Using milk urea nitrogen to improve the efficiency of protein utilization in dairy herds | Dellait

Álvaro García

Milk urea nitrogen (MUN) is a low-cost, practical indicator that appears on most routine milk testing reports from processors and DHI services. While producers routinely track fat, protein, somatic cell count, and yield, MUN offers unique insight into how well dietary protein is being utilized by the cow. Among all the macronutrients in a dairy ration, protein is typically the most expensive per unit when supplemented, making it especially important to monitor its use efficiency. When MUN is too high, it may indicate that protein is overfed or is not well balanced with fermentable energy. If too low, it can suggest protein shortages that may limit performance.

What makes MUN especially valuable is that it does not require extra testing or cost, you are likely already receiving this data. Interpreting MUN alongside dietary factors, especially the ratio of non-fiber carbohydrates (NFC) to crude protein (CP), can help adjust rations to reduce feed waste and improve nitrogen efficiency. Lowering MUN also reduces urinary nitrogen losses and the formation of ammonia in barns, which not only benefits the environment but also improves air quality and preserves the nutrient value of manure. At a time when feed costs are high and environmental expectations are growing, MUN is a simple, accessible tool to help producers make more informed and cost-effective feeding decisions.

Main dietary contributors to MUN

Recent research, including a comprehensive meta-analysis by Zhao et al. (2025), has helped clarify which dietary components most strongly influence MUN concentrations. One of the most consistent findings was the importance of the dietary NFC to CP ratio. When this ratio was too low (i.e., high CP relative to NFC), MUN tended to rise. When the ratio was too high, indicating insufficient protein, MUN dropped. This relationship highlights the importance of balancing rumen-available energy and protein to ensure efficient microbial protein synthesis and minimal nitrogen waste.

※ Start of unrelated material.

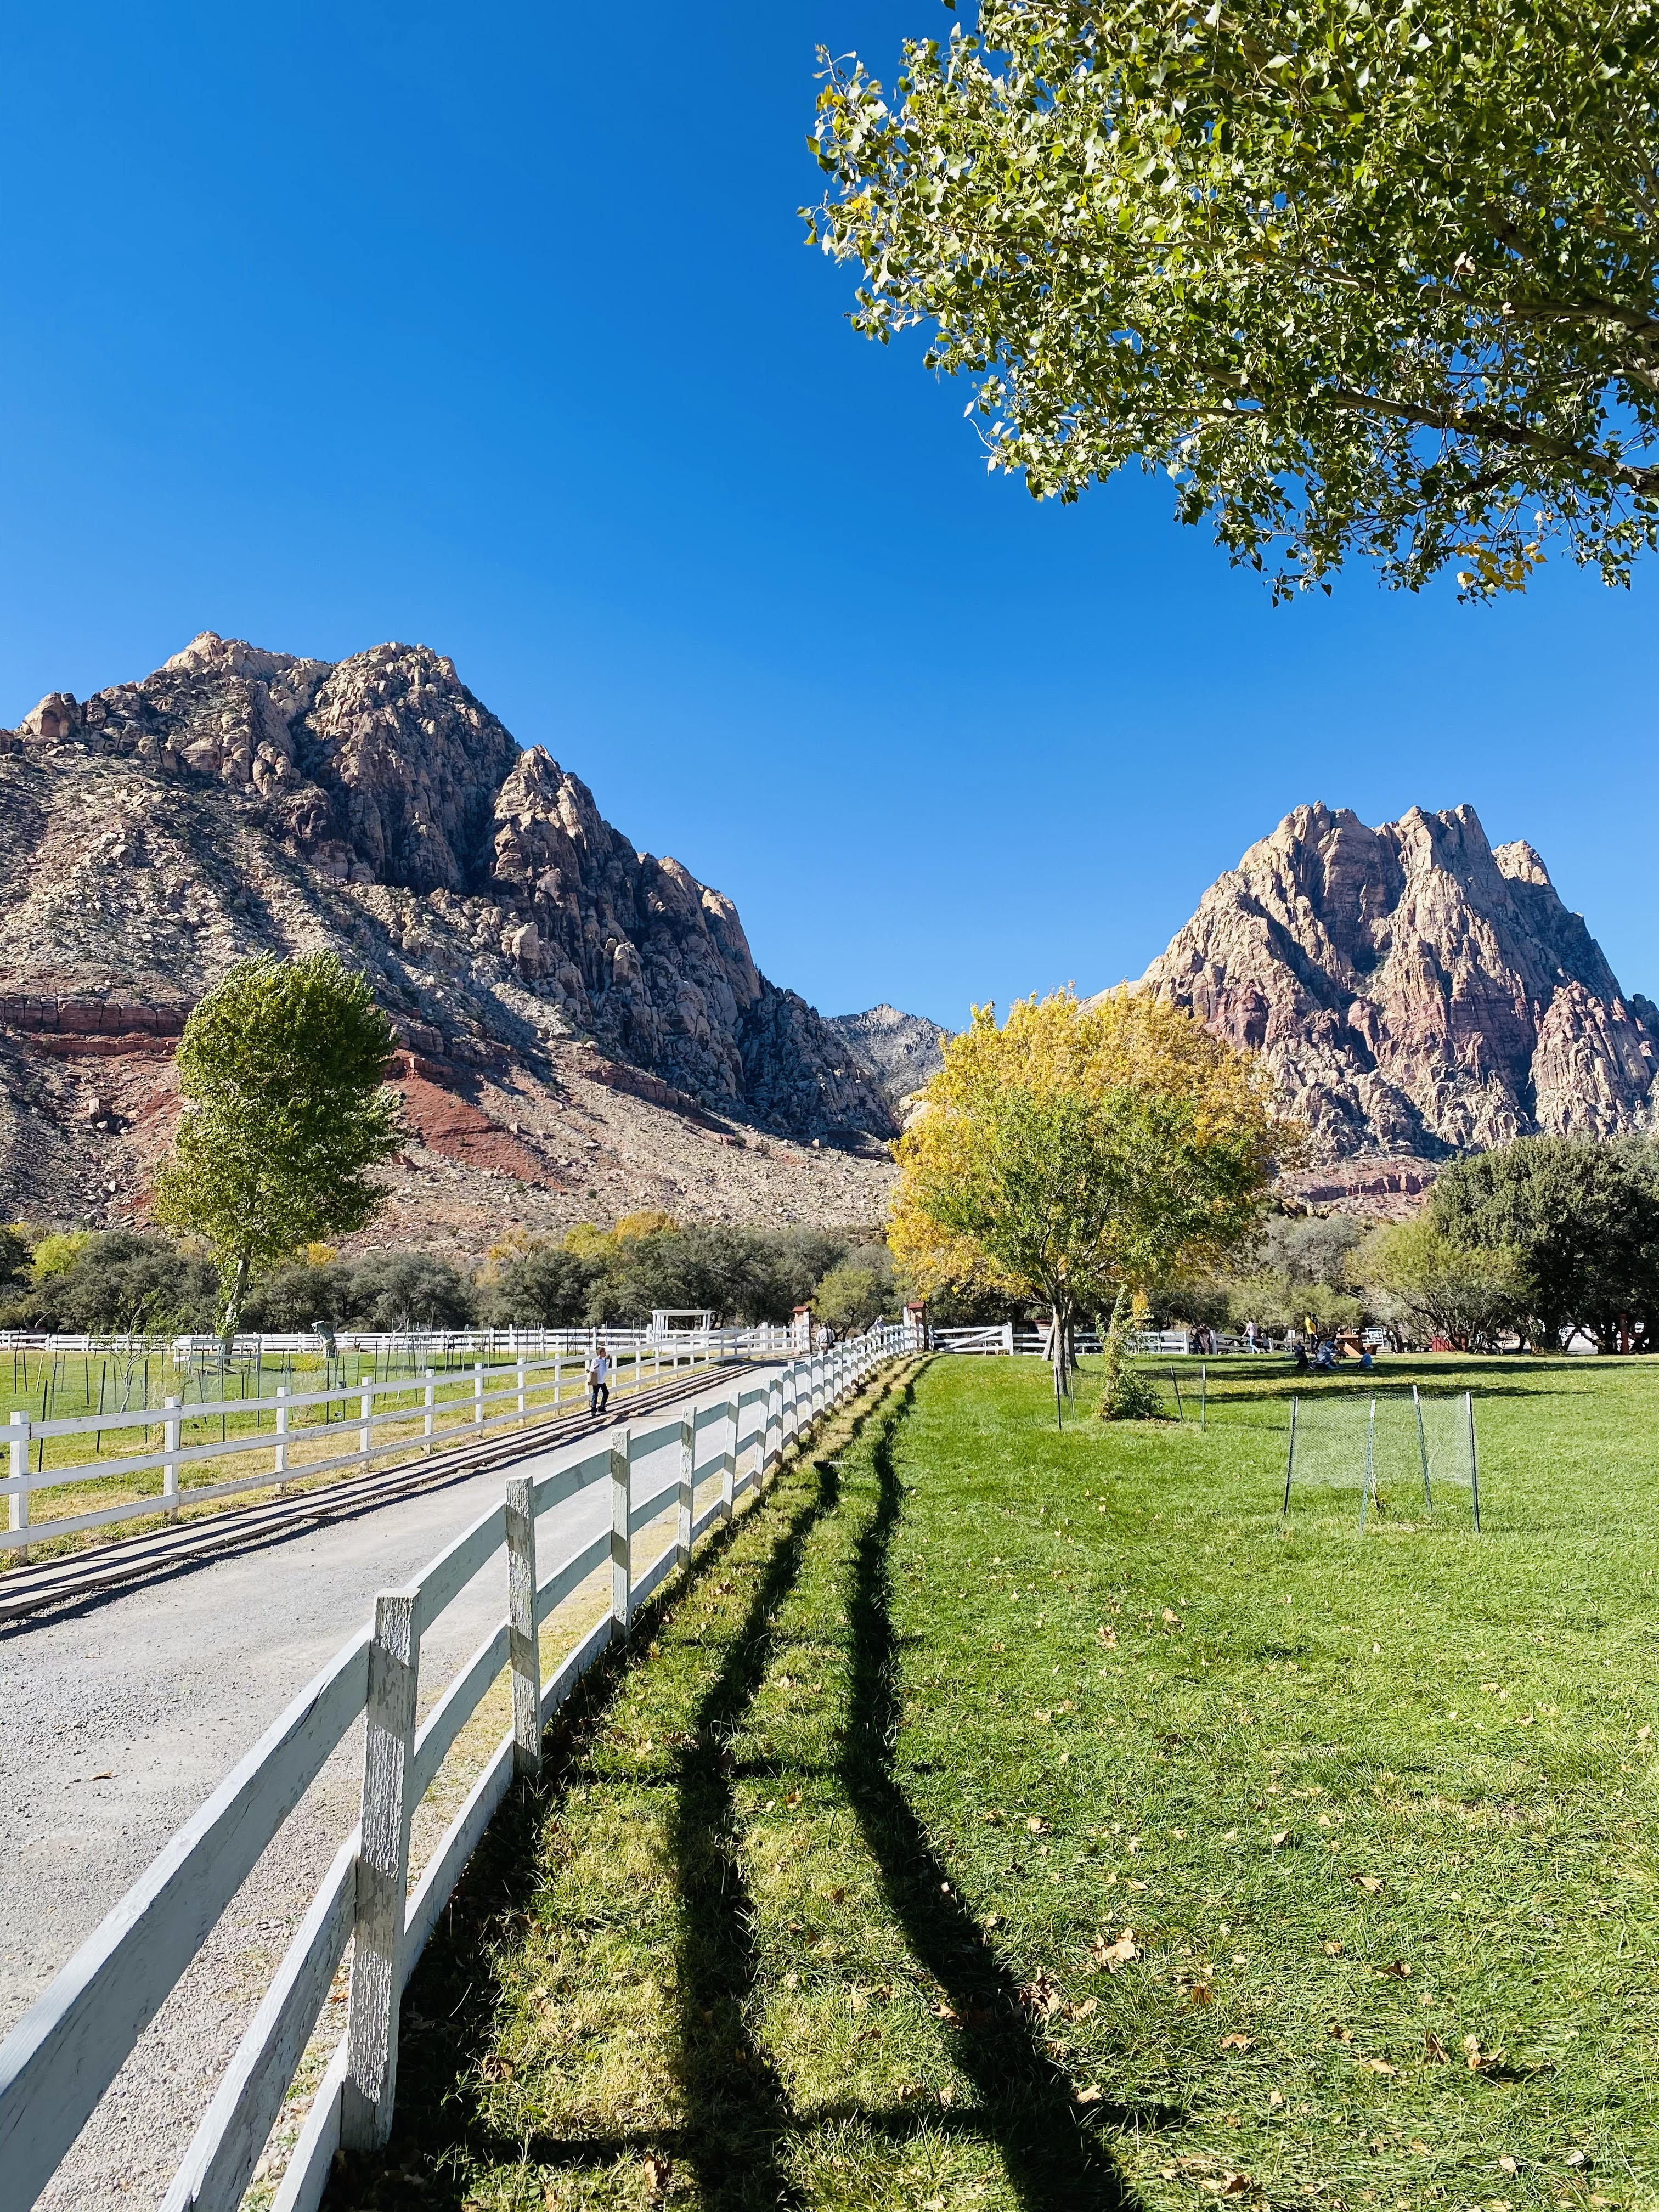 Spring Mountain Ranch State Park is an awesome activity when you are traveling to Las Vegas with kids. This park you will not believe is only 30 minutes outside of the Las Vegas Strip

Follow these general guidelines for the best balance:

• Keeping MUN average between 8 and 16 mg/dL helps balance feed efficiency and nitrogen losses.
• Maintaining NFC/CP ratios between 2.15 and 3.60 are generally associated with MUN in the desired range.
• Consequences of extreme MUN values:
  • MUN >16 mg/dL may indicate excessive protein or insufficient fermentable energy. Solutions include lowering dietary protein or adding energy (e.g., ground corn, molasses).
  • MUN <8 mg/dL can suggest protein deficiency, requiring evaluation of CP sources or increasing rumen-degradable protein.

Because urea from urine is rapidly converted into ammonia, high MUN also contributes to ammonia emissions, affecting barn air quality and nitrogen losses from manure. By optimizing MUN, producers not only reduce input costs but also lower emissions and retain more nitrogen in the manure for use as fertilizer.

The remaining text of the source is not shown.